Single motherhood is hard.

You can kind of tell this from the fact that single mothers rarely have large families anymore. Single motherhood means decades of poverty and life-long struggle. If single motherhood was easy, fun and lucrative, the US TFR would be WAY higher than 1.84.
 
Try rereading my post in the context of the post that I responded to.
Since when do phrases such as “completely frivolous” and “attempt to criminalize” need a context? Who made the completely frivolous complaints you are referring to, what is the sexual behavior you believe is normal that someone is trying to criminalize? If they’re complaining with the intention to change prevailing standards but not asking that any law be written or any charges be filed, in what sense are they “criminalizing” anything?

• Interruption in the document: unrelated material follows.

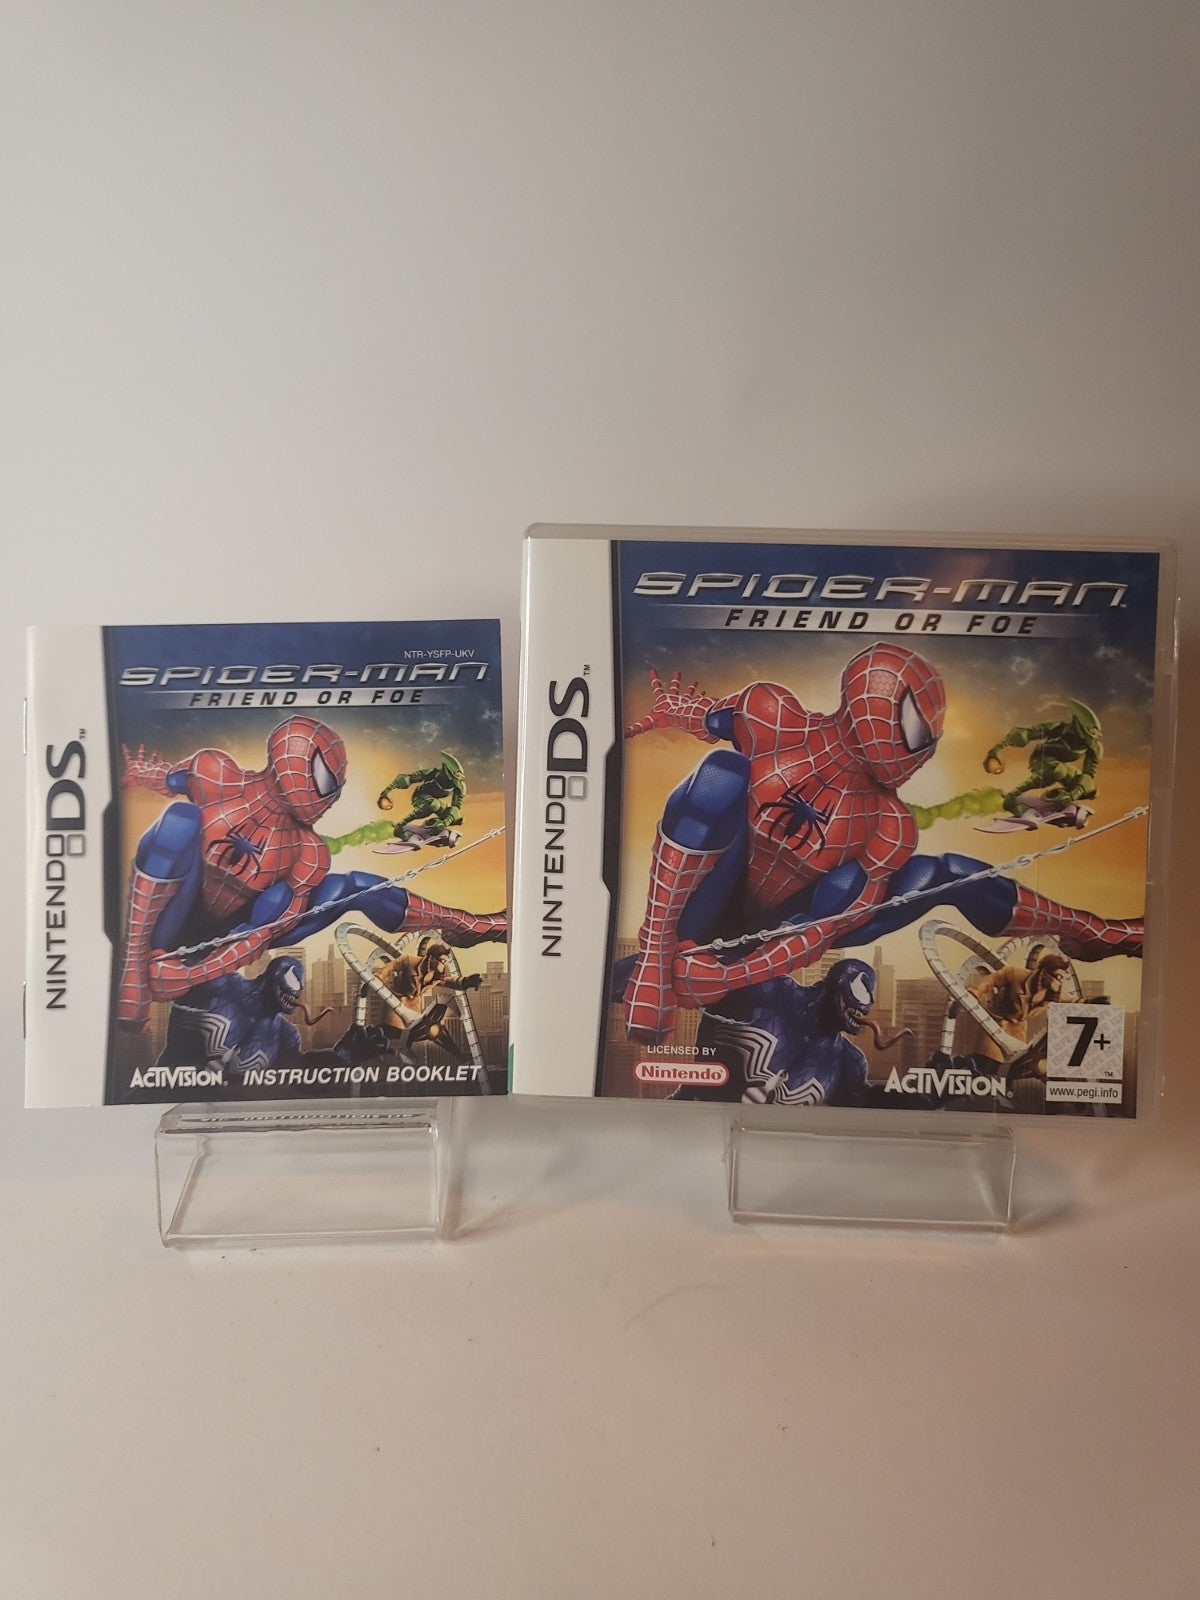 Spider-man Friend or Foe Nintendo DS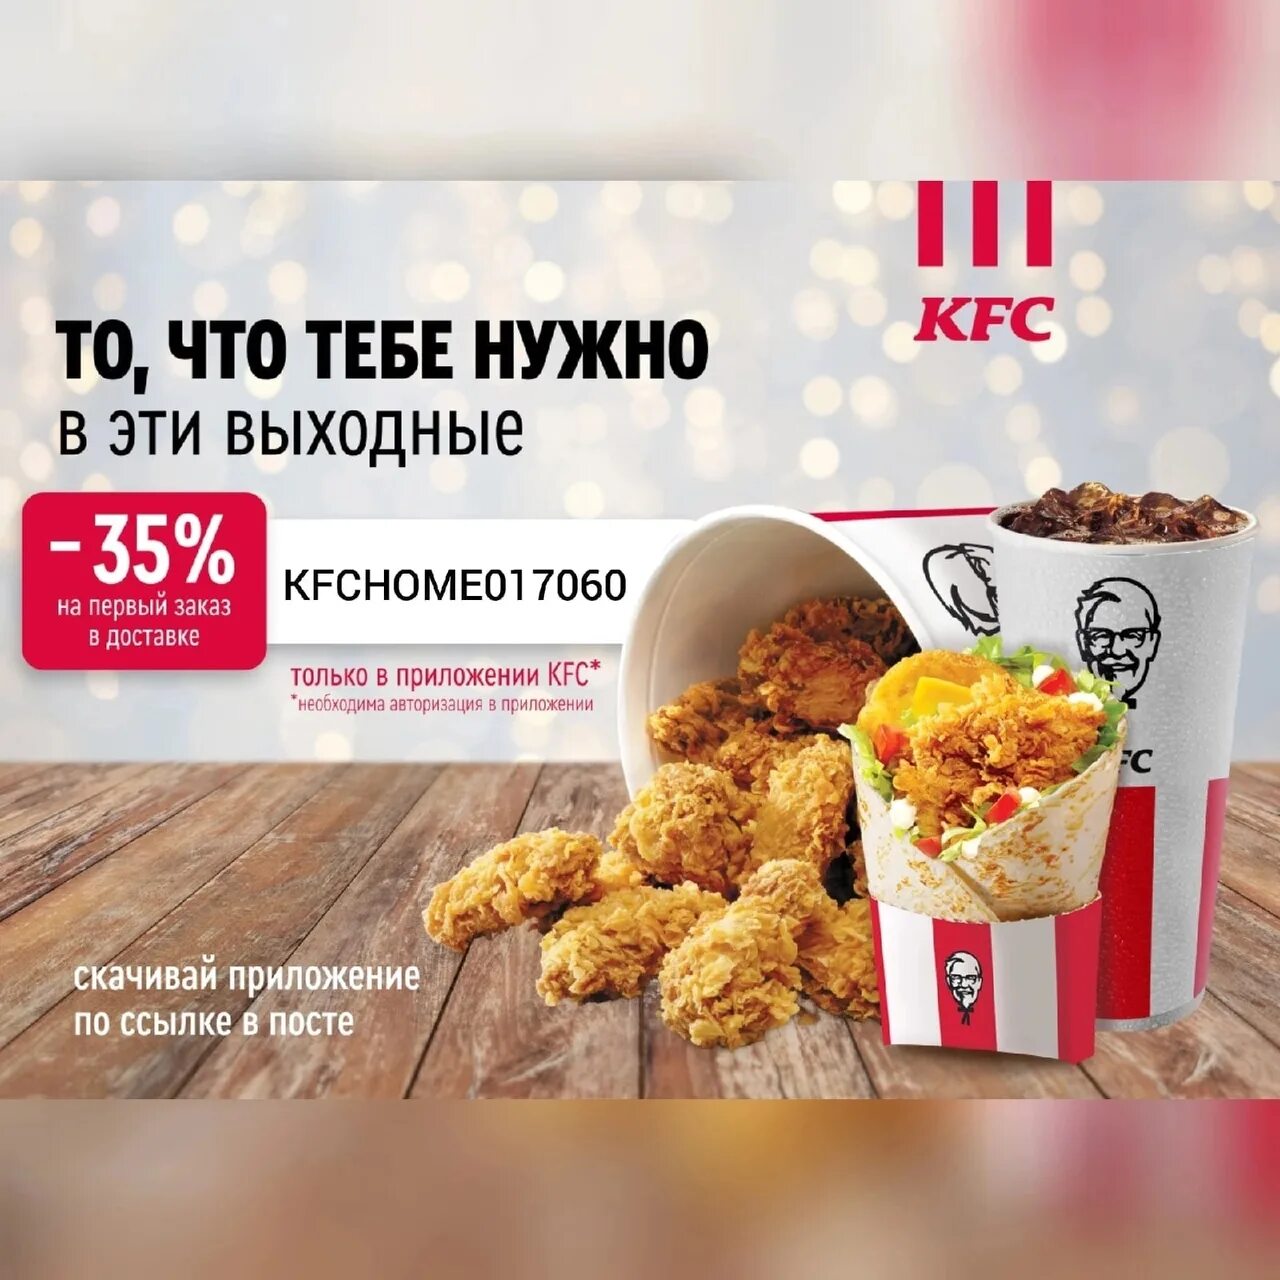 Промокод kfc на первый заказ в приложении. KFC доставка. KFC скидка в delivery.

Perhaps you mean the woman who said she got the feeling someone was undressing her with his eyes. Do you really not know what that means? If you don’t think that the way someone chooses to look someone up and down can constitute harrassment, I think you either haven’t been paying attention or haven’t tried to work with someone who makes gestures like that. The poster’s example of having a superior who habitually got physically closer to him than what someone would normally get in a professional setting is an example. People just trying to do their jobs shouldn’t have to put up with that.

Again, when we talk about what we’d dare to do to our bosses or an important client, somehow this all becomes clear and easy. It is only when talking about someone deemed to be in a position that they can’t complain about how we choose to act when the concept all of a sudden becomes difficult for people to grasp.

I’m not buying it. People are very clear about how to respect boundaries when it is in their own interest to do so. I don’t buy it that they’re all of a sudden blind when they’re looking out for the interests of someone who can’t do much if the treatment they’re getting makes it very clear that they aren’t particularly worthy of respect or concern.